AMD today reported earnings
for their first fiscal quarter of 2013, which saw losses of $146 million on $1.09 billion in revenue. AMD’s gross margin also grew 2% to 41% for 1Q 2013 over 4Q 2012.
AMD is a company that has been on the slow and steady route to rehabilitation. They have a new CEO and virtually a whole new executive team. Rory Read, AMD’s newest CEO, joined the company in August of 2011, and has since joining the company, tried to change the culture. However, Rory and the rest of the company really did not have much of a chance to take any risks or even execute strategy with Thomas Seifert as CFO. Until his departure in September of 2012, AMD seemed doomed and without a chance to come back from their position of irrelevance in the IT industry.

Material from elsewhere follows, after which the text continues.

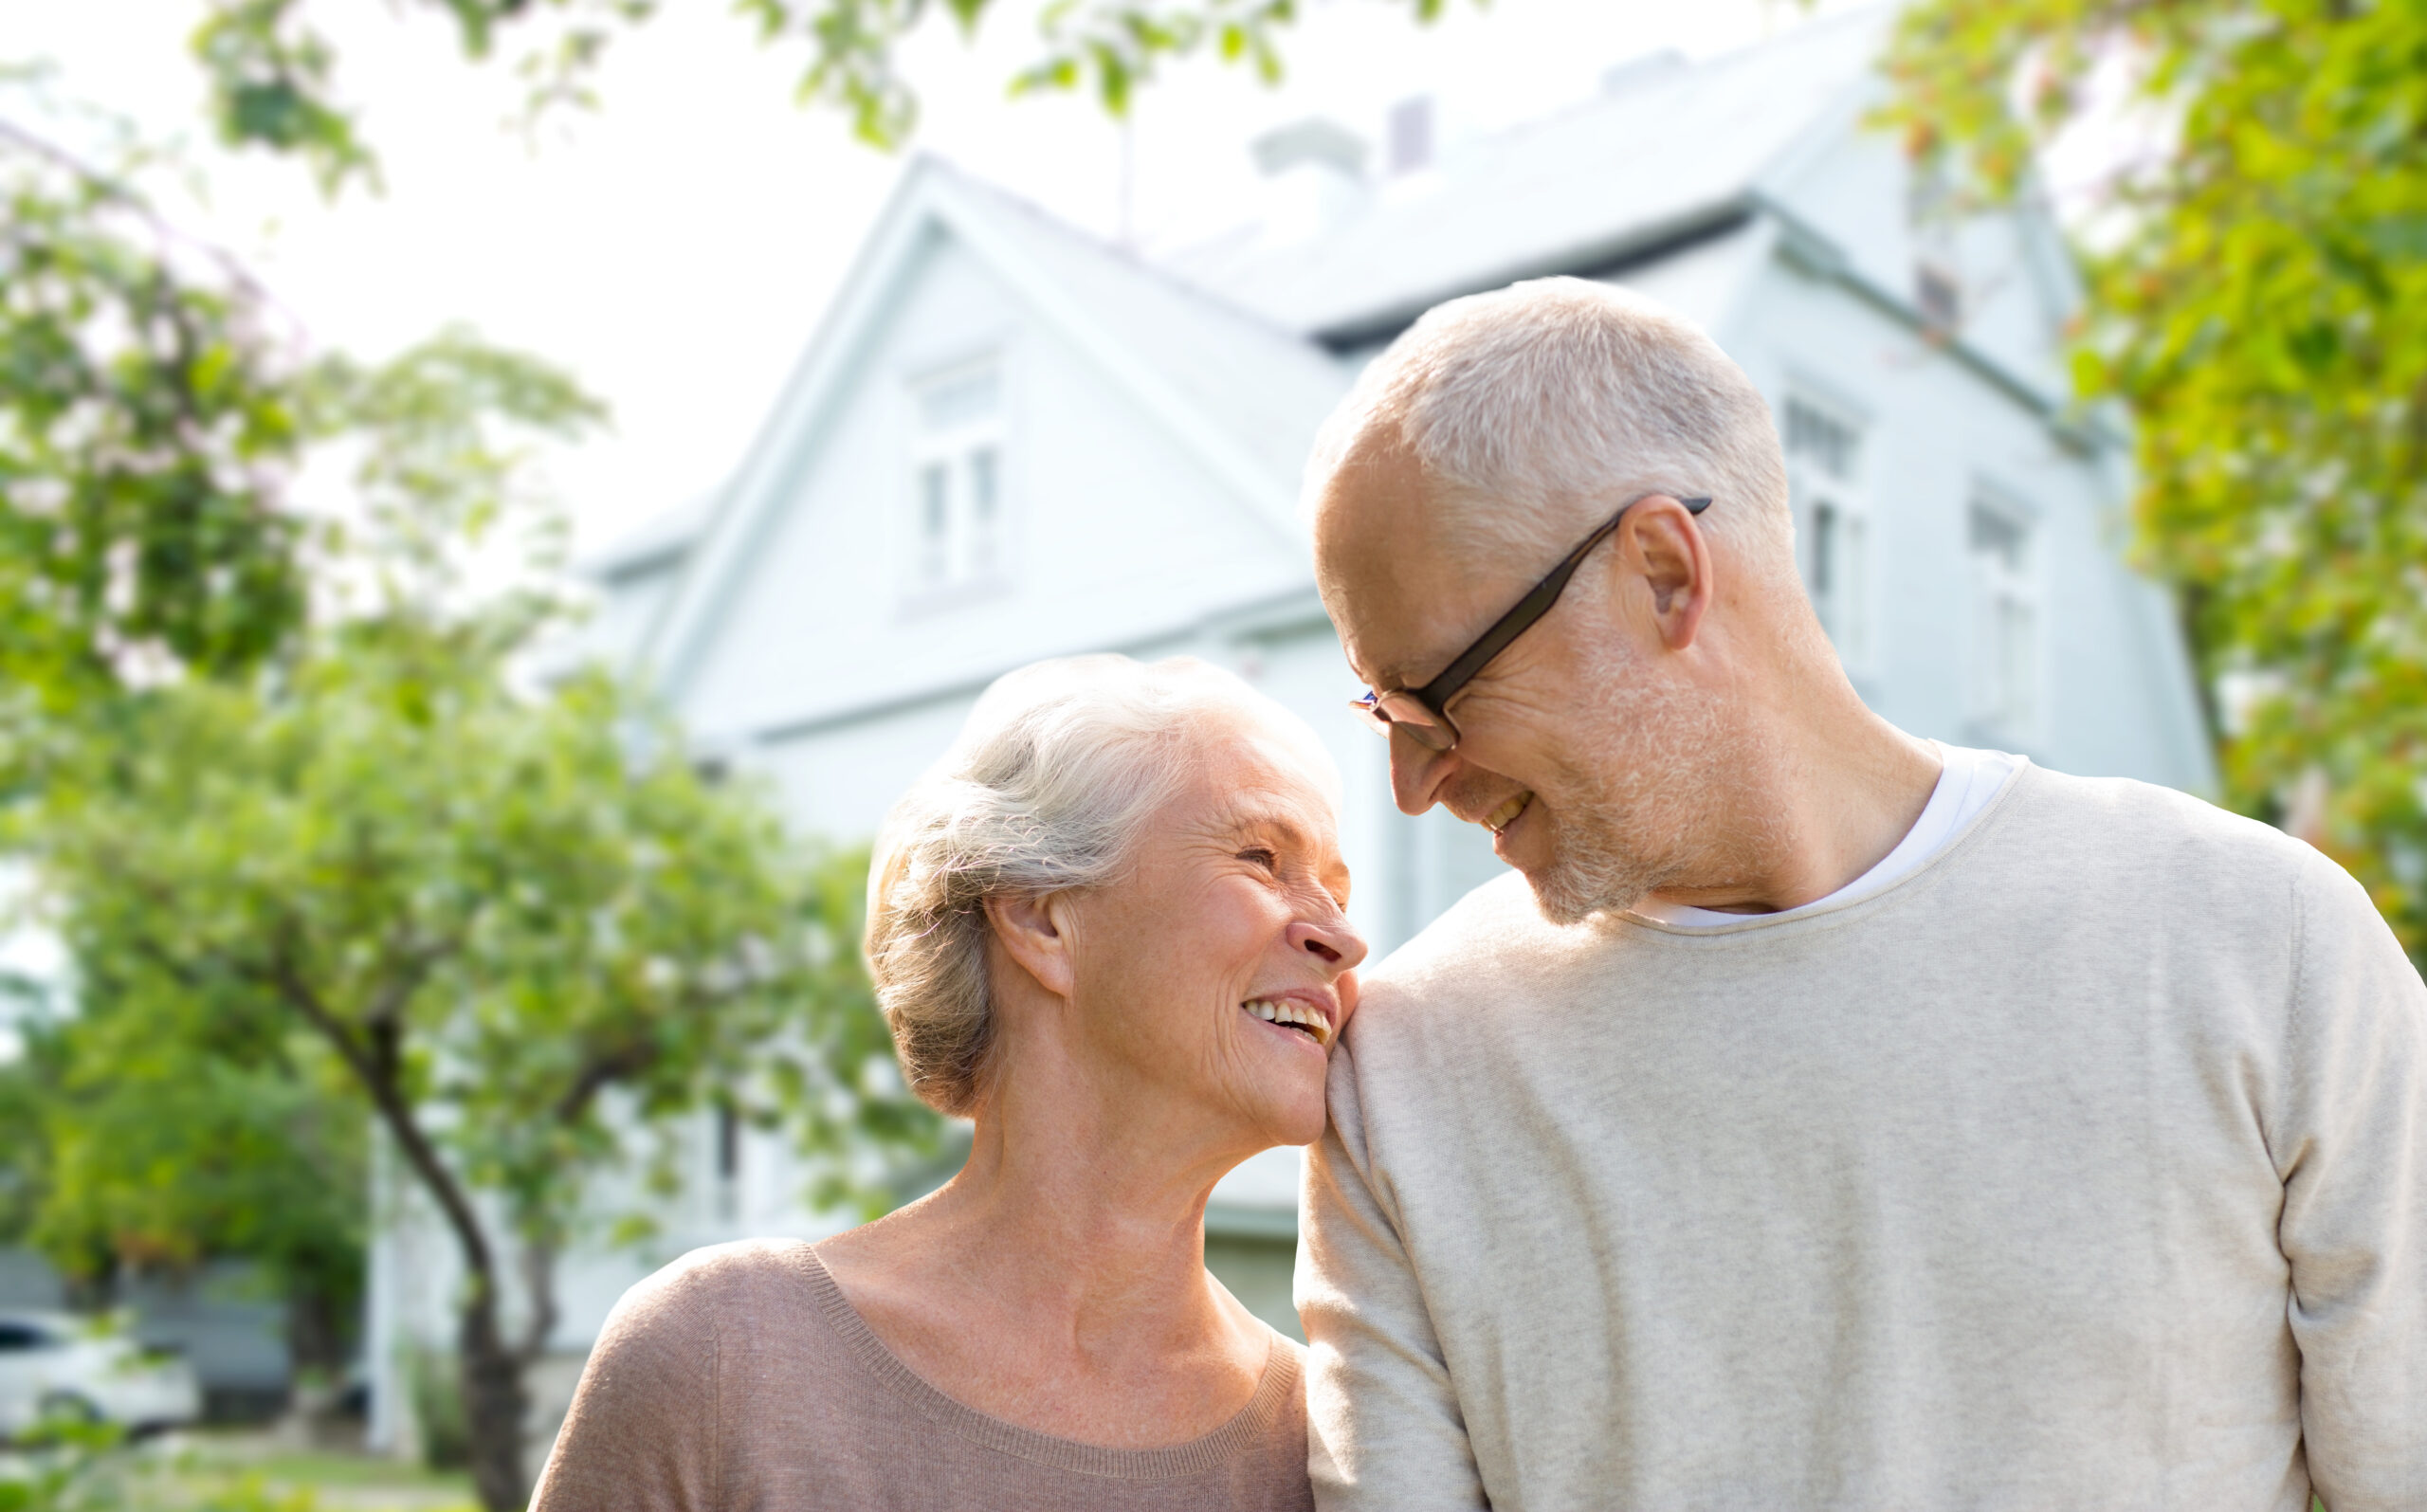 is home health care the right choice?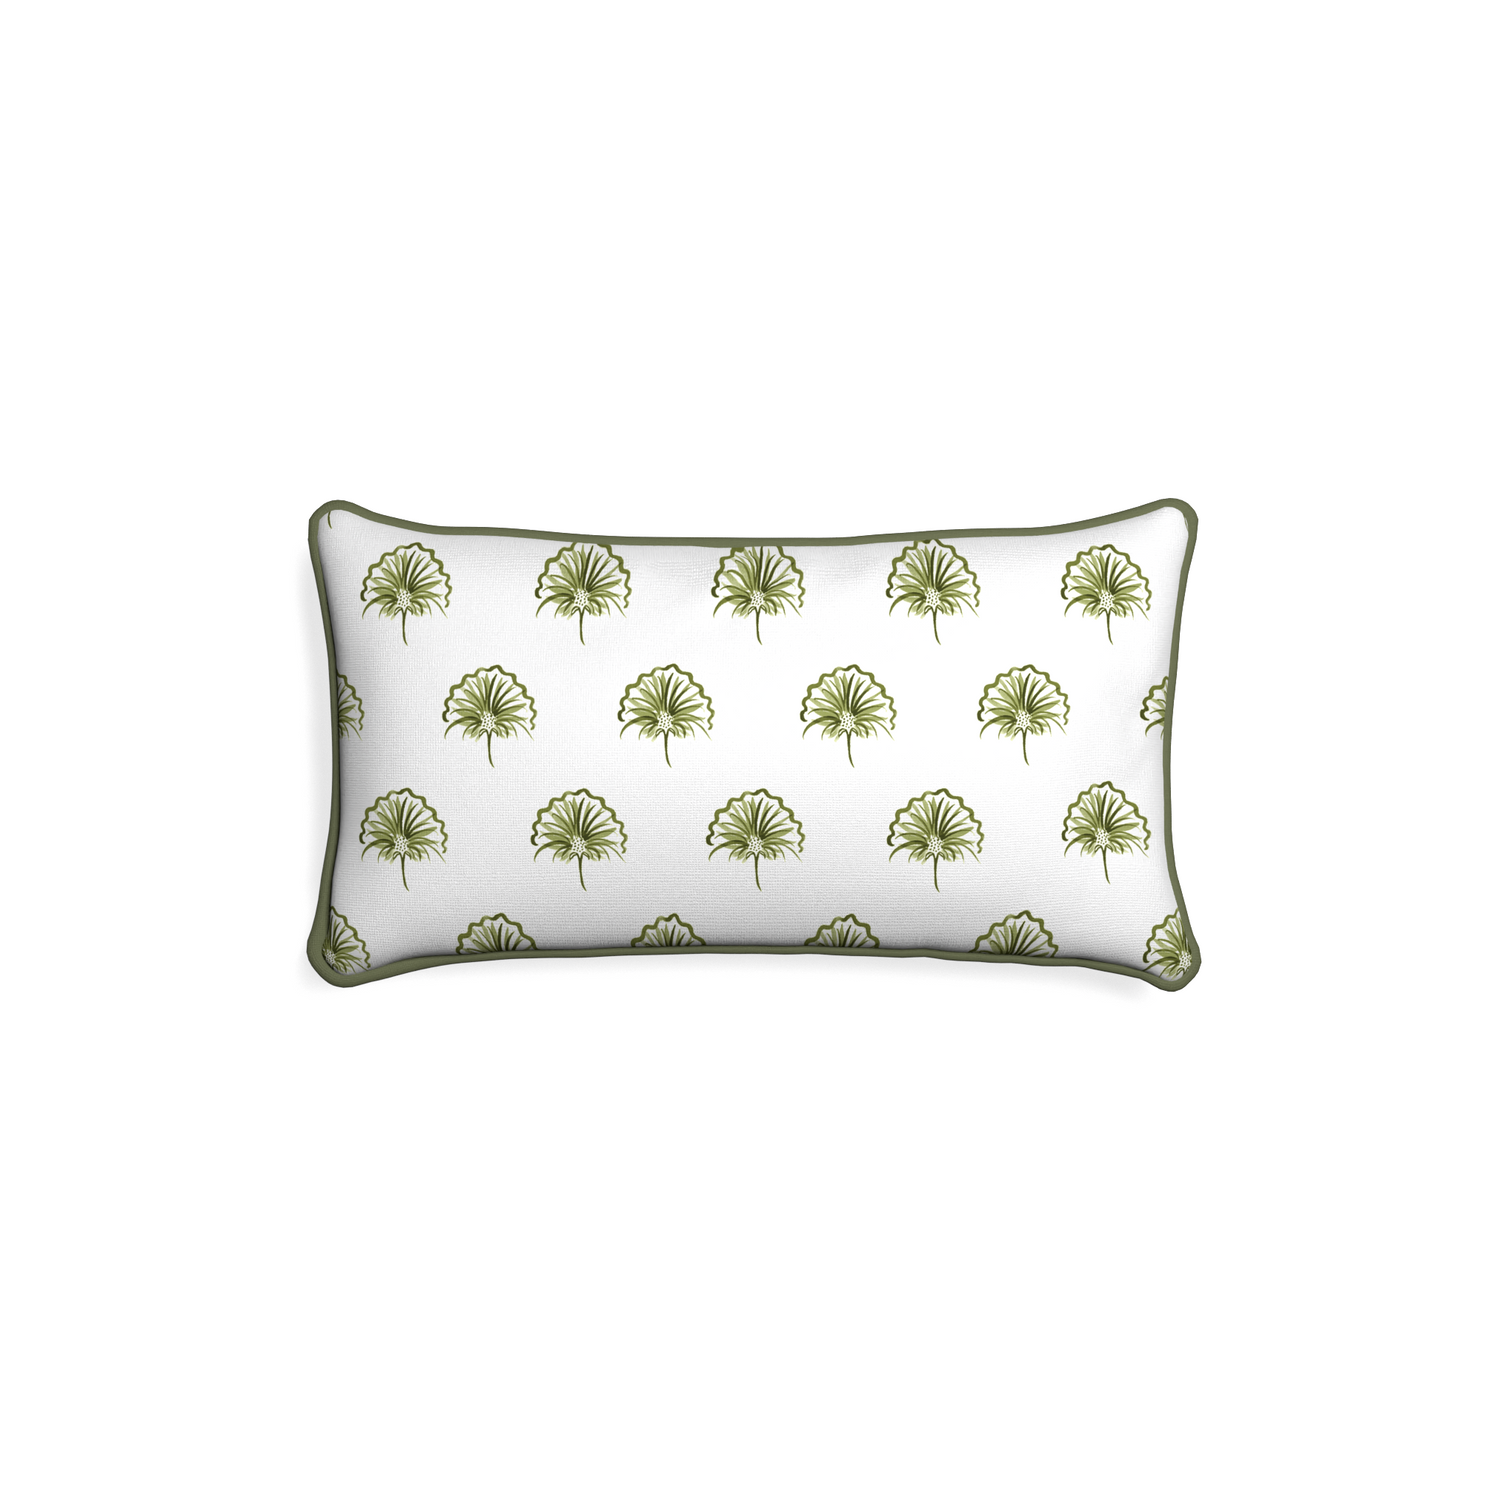 Petite-lumbar penelope moss custom green floralpillow with f piping on white background

Since September, however, AMD appears to have become more aggressive and willing to take more risks and actually challenge their competitors. While it remains to be seen what AMD is able to do with their APU architecture, there is no doubt that AMD’s GPU business has done a fantastic job of selling what amounts to ‘old’ hardware (see Radeon HD 7970
). AMD has accomplished this as a result of their Never Settle and Never Settle Reloaded bundles, with the reloaded bundle delivering unparalleled value to consumers. They have also succeeded in obtaining the design wins for all three major consoles in graphics and two of the most important consoles’ CPU.
Financially, these console design wins are likely to help AMD in the latter quarters of this year and assist them to likely return to profitability in the 4Q 2013. Looking at AMD’s business segments, their computing solutions business has suffered from reductions in revenue, which stem from overall reductions in PC shipments as well as loss of market share to Intel. However, AMD has reduced their losses in this business segment from $323 million in 4Q 2012, to $39 million in 1Q 2013. Much of this difference can be attributed to the charge due to Globalfoundries of $273 million. Even with that taken into account, AMD has still reduced their losses. They also managed to increase GPU sales by $11 million from $326 million in Q4 2012 to $337 million, however, this is still down from $382 million in 1Q 2012. As a result of other operating expenses, AMD posted an operating loss of $98 million.
One interesting fact in AMD’s restructuring is that in a single year they’ve managed to reduce their headcount from 11,265 to 9,844. Clearly the company is downsizing and we believe that the best time to see the results of their work will be in the 4Q 2013. In that quarter, we should seriously see whether AMD’s hard work and talent bleeding and reacquisition have worked to bring the company back to profitability and a position of relevance.
AMD expects the 2Q 2012 to be up sequentially in terms of revenue by 2% with a margin of error of 3%. We expect the next quarter to be a relatively slow one, but we do foresee AMD beginning to prepare to ramp their new CPUs and console design wins. We will see what their future APUs have to offer and whether or not they can finally introduce a product that is competitive in the mobile tablet market.